Generally "re-circ" lines are required by code if the most distant fixture is 100 feet away (measured along the piping). Good practice is to consider it after 65 feet. Not much heat is lost (if the pipes are insulated).

Most HD's and Loews' carry a fairly 'user friendly kit' the 'slightly above average' homeowner can install without too much difficulty. Personally, if I was going to install one, I would start with a TACO 006-BRONZE circulator, fairly pricey (lists for around $145) and then go from there. With a little planning, you could set it up real nice.

I could offer a few suggestions on how to activate it...but let's see who else in the forum has ideas...lol

 

[cbrodsky]

...NYS, Interesting situation.
Generally "re-circ" lines are required by code if the most distant fixture is 100 feet away (measured along the piping). Good practice is to consider it after 65 feet. Not much heat is lost (if the pipes are insulated).

Most HD's and Loews' carry a fairly 'user friendly kit' the 'slightly above average' homeowner can install without too much difficulty. Personally, if I was going to install one, I would start with a TACO 006-BRONZE circulator, fairly pricey (lists for around $145) and then go from there. With a little planning, you could set it up real nice.

I could offer a few suggestions on how to activate it...but let's see who else in the forum has ideas...lol

Good point - those pumps can be had for just over $100. Then if you were particularly good with electronics you could make your own differential thermal controller. Commercial ones seem to be $80+ (used in solar applications) - if one could be found cheap, then all you'd need after that is a relay that could be activated from a switch to run the pump until the differential controller reaches the setpoint, along with a mechanism to time out after something like 1-2 minutes and not run again until someone presses the switch. The on-off controls would be a little easier to design cheaply. The wireless automation stuff is getting more and more straightforward these days as well so some people use X10 for a fairly cheap solution. Maybe some electrical engineers on here have some ideas?

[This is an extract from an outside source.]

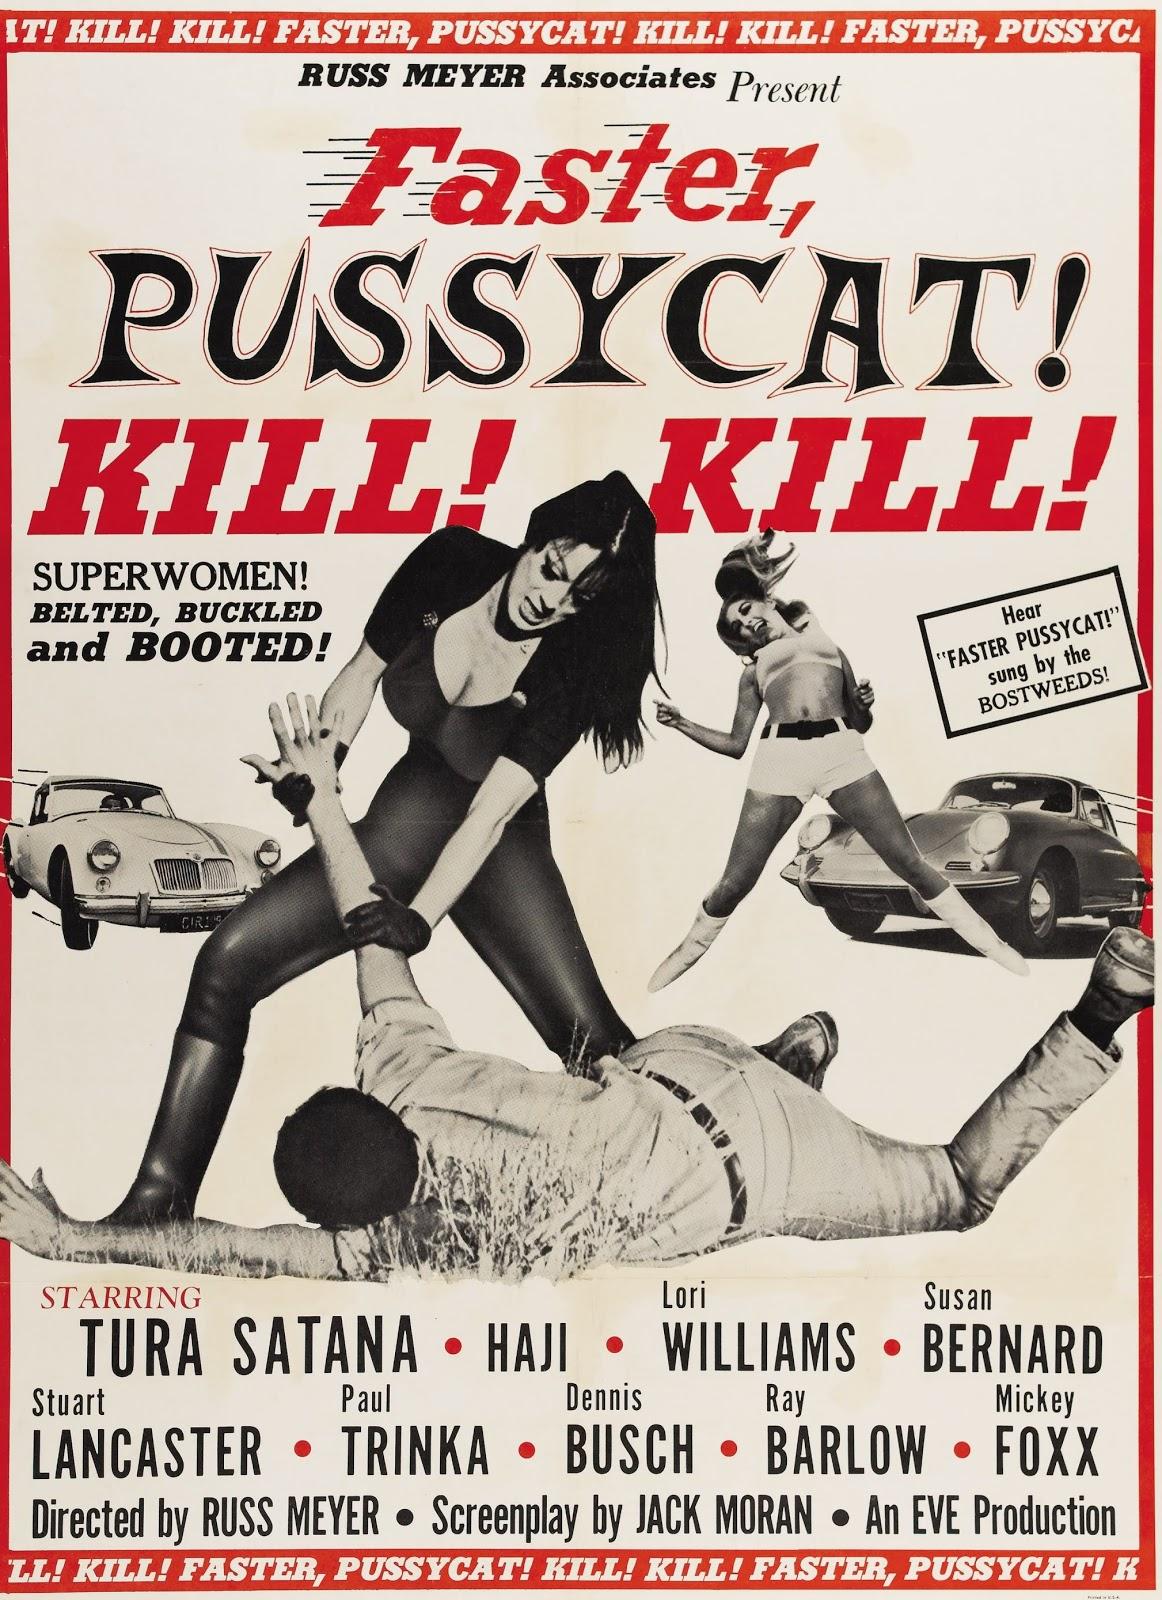 faster_pussycat_kill_kill_poster_03.jpg

Metlund (ACT) has what look like two fairly strong patents with claims covering any such on-demand system so licensing fees may be part of the reason for the more typical $300-400 cost of these systems as well as the lack of market participation by more companies. I'm not aware of any systems at Lowes or HD that work like this as they would likely infringe if they had all the same features - perhaps they're using simpler manual control pumps?

-Colin

 

[jjbaer]

...NYS, Interesting situation.
Generally "re-circ" lines are required by code if the most distant fixture is 100 feet away (measured along the piping). Good practice is to consider it after 65 feet. Not much heat is lost (if the pipes are insulated).

Most HD's and Loews' carry a fairly 'user friendly kit' the 'slightly above average' homeowner can install without too much difficulty. Personally, if I was going to install one, I would start with a TACO 006-BRONZE circulator, fairly pricey (lists for around $145) and then go from there. With a little planning, you could set it up real nice.

I could offer a few suggestions on how to activate it...but let's see who else in the forum has ideas...lol

Only problem I see with these devices is this: generally, hotter water is a breeding ground if there's any bacteria in the water and for that reason they tell you only drink and use cooking water drawn from the cold water tap. These recirc devices take water that's been sitting in the hot water line (and has cooled) and use the cold water line to recirc it back to the hot water tank. This means that without a dedicated hot water return line that your cold water line is filled with what formerly came from the hot water tank so if you turn on the cold water line to get drinking water or water to cook with, that you're essentially using water that sat in the hot water tank and may have higher bacteria levels in it. While only a minor problem, it's there none the less and some people may chose to avoid this device for that reason. So...if this bothers you, this means that now you have to purge your cold water tap until you think you're getting "fresh" water whereas before you purged your hot water until hot water flowed.....so....what's the difference....still wasting money (water) except now it's cold water........but I guess you're saving the cost of energy required to heat it but then you've now got this "parasitic load" sucking power 24/7 under your sink "awaiting your command" to produce hot water..............LOL

And while use of a dedicated return line obviates this potential bacteria problem, it's also negates the convenience of these devices because their selling point is that you don't have to run a dedicated line to use them........a good example of the theory of unintended consequences......LOL

Bottom line: between this device sucking power 24/7 and having to purge water anyway, no way this thing is a "net green device".......in fact, my guess is that it adds to the pollution problem........

 

[cbrodsky]

Thinking about this some more... this is probably quite feasible for well under $200.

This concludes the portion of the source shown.